This weekend Soldier Field will showcase an up and coming, overachieving team with a new offensive attack. Not Marc Trestman’s Chicago Bears, but the 2-0 Fighting Illini.
Under new offensive coordinator Bill Cubit, the Illinois offense went off for 45 points against Cincinnati last week. The Washington Huskies will look to spoil the Illinois homecoming with their own offensive explosion.
Like the Illini, the Huskies have gotten off to a surprising start. Washington got some payback for their 28-26 loss to Boise State in the MAACO Bowl last season, blitzing the Broncos to a 38-6 final. The Huskies handed Boise State coach Chris Peterson his worst loss in seven seasons.
“Any time you have a team that goes out there and kind of dominates Boise State like that, that really doesn’t happen too much,” senior quarterback Nathan Scheelhaase said. “If you looked at Boise State over the last four or five years it doesn’t happen a lot.”
“They’re pretty explosive,” senior linebacker Jonathan Brown said. “I watched the Boise [State] game, they like to get the ball on the edge, they like to space the defense out and try to crease them in the middle, whether it be with a power, or a zone, and they can really turn a small play into a dynamic play, something I don’t think we’ve really seen up to this point.”
The Huskies were 7-6 last season, but won four of their final six games. Despite an overall disappointing season, Washington remained competitive, beating two top ten opponents in No. 8 Stanford and No. 7 Oregon State.
The Huskies run a fast-paced, no huddle attack. Washington has familiar faces on offense lead by senior quarterback Keith Price, junior running back Bishop Sankey, junior wide receiver Kasen Williams and All-American junior tight end Austin Seferian-Jenkins.
As a sophnore, Bishop led the team with 1,439 rushing yards and 16 rushing touchdowns and was third on the team with 33 receptions.
Bishop rushed for 161 yards and two touchdowns in his 2013 debut.
This Saturday Seferian-Jenkins will make his debut after serving a one-game suspension for pleading guilty to a drunk driving charge in July.
Seferian-Jenkins is a preseason All-American and was second on the team with 852 receiving yards and first on the team with seven receiving touchdowns a year ago. The team didn’t need the 6’6,” 275 pound tight end against Boise State, but his addition adds another threat to an already dangerous offense.
Brown has a game plan to stop Washington’s no huddle offense—now he just has to execute.
“Just getting the call in, getting lined up, recognizing formations, because that’s something as a defender you gotta do,” Brown said. “You gotta recognize where everyone is on the field and that’s something the pace kind of neutralizes—the thinking of the game.”
After allowing 34 points against Southern Illinois, defensive coordinator Tim Banks tried to switched things up against Cincinnati by subbing in six different players at the outside linebacker and star positions. After holding the Bearcats to 17 points, the strategy appeared to payoff.
“We made some strides from the first game to the second,” Banks said. “I don’t think we had any repeat mistakes, but obviously there were still some mistakes in this game, so we gotta get those things corrected and move onto the third game and hopefully not make the same mistakes.”
With the No. 19 ranking in the AP Poll, Washington is slated as the Illini’s first ranked opponent of the season. Illinois has lost five straight and 14 of their last 15 games against ranked opponents since beating No. 1 Ohio State 28-21 on Nov. 10, 2007.
Illinois went 0-2 against ranked opponents last year against No. 25 Michigan and No. 6 Ohio State, losing at a combined score of 97-22.
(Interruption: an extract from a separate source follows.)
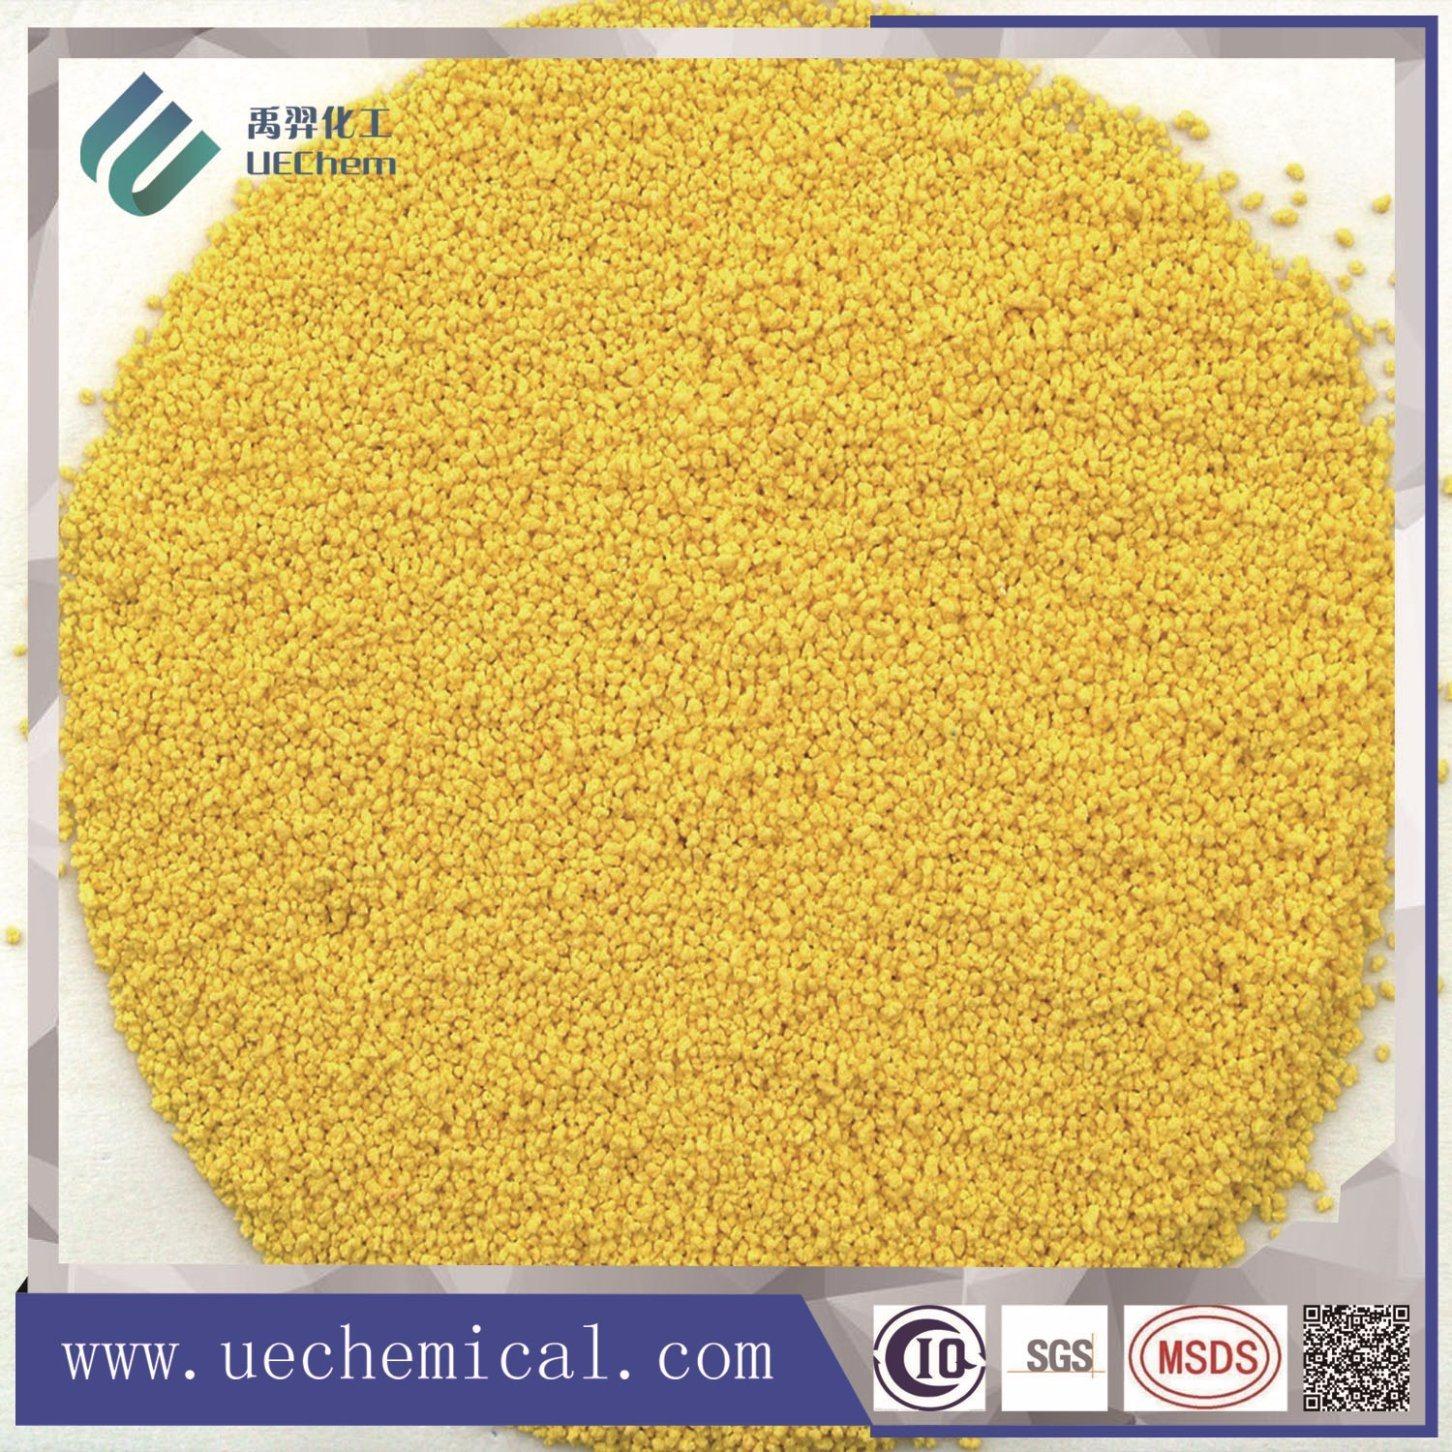 Yellow Speckles for Detergent Powder

Coach Tim Beckman is 0-6 against ranked opponents. Recent history isn’t exactly on the Illini’s side, but this isn’t the first time these two teams have faced off against each other.
The Fighting Illini, led by the legendary Dick Butkus, topped the Huskies 17-7 in the 1964 Rose Bowl. Nearly 50 years later, Butkus will once again take the field in the series—this time he’ll be doing the coin toss.
History and rankings will mean nothing when the two teams meet in Chicago on Saturday. What will matter is who steps up.
So far, Illinois has done just that.
“We did the things we needed to when the time was called,” Scheelhaase said. “When we needed a fourth down stop by the defense that’s exactly what they came up with. When we needed a 99 yard drive by the offense that’s exactly what happened. When we see a team that starts to capitalize when the moment and opportunities are there, that’s something that speaks volumes into where we’re trying to go as a program.”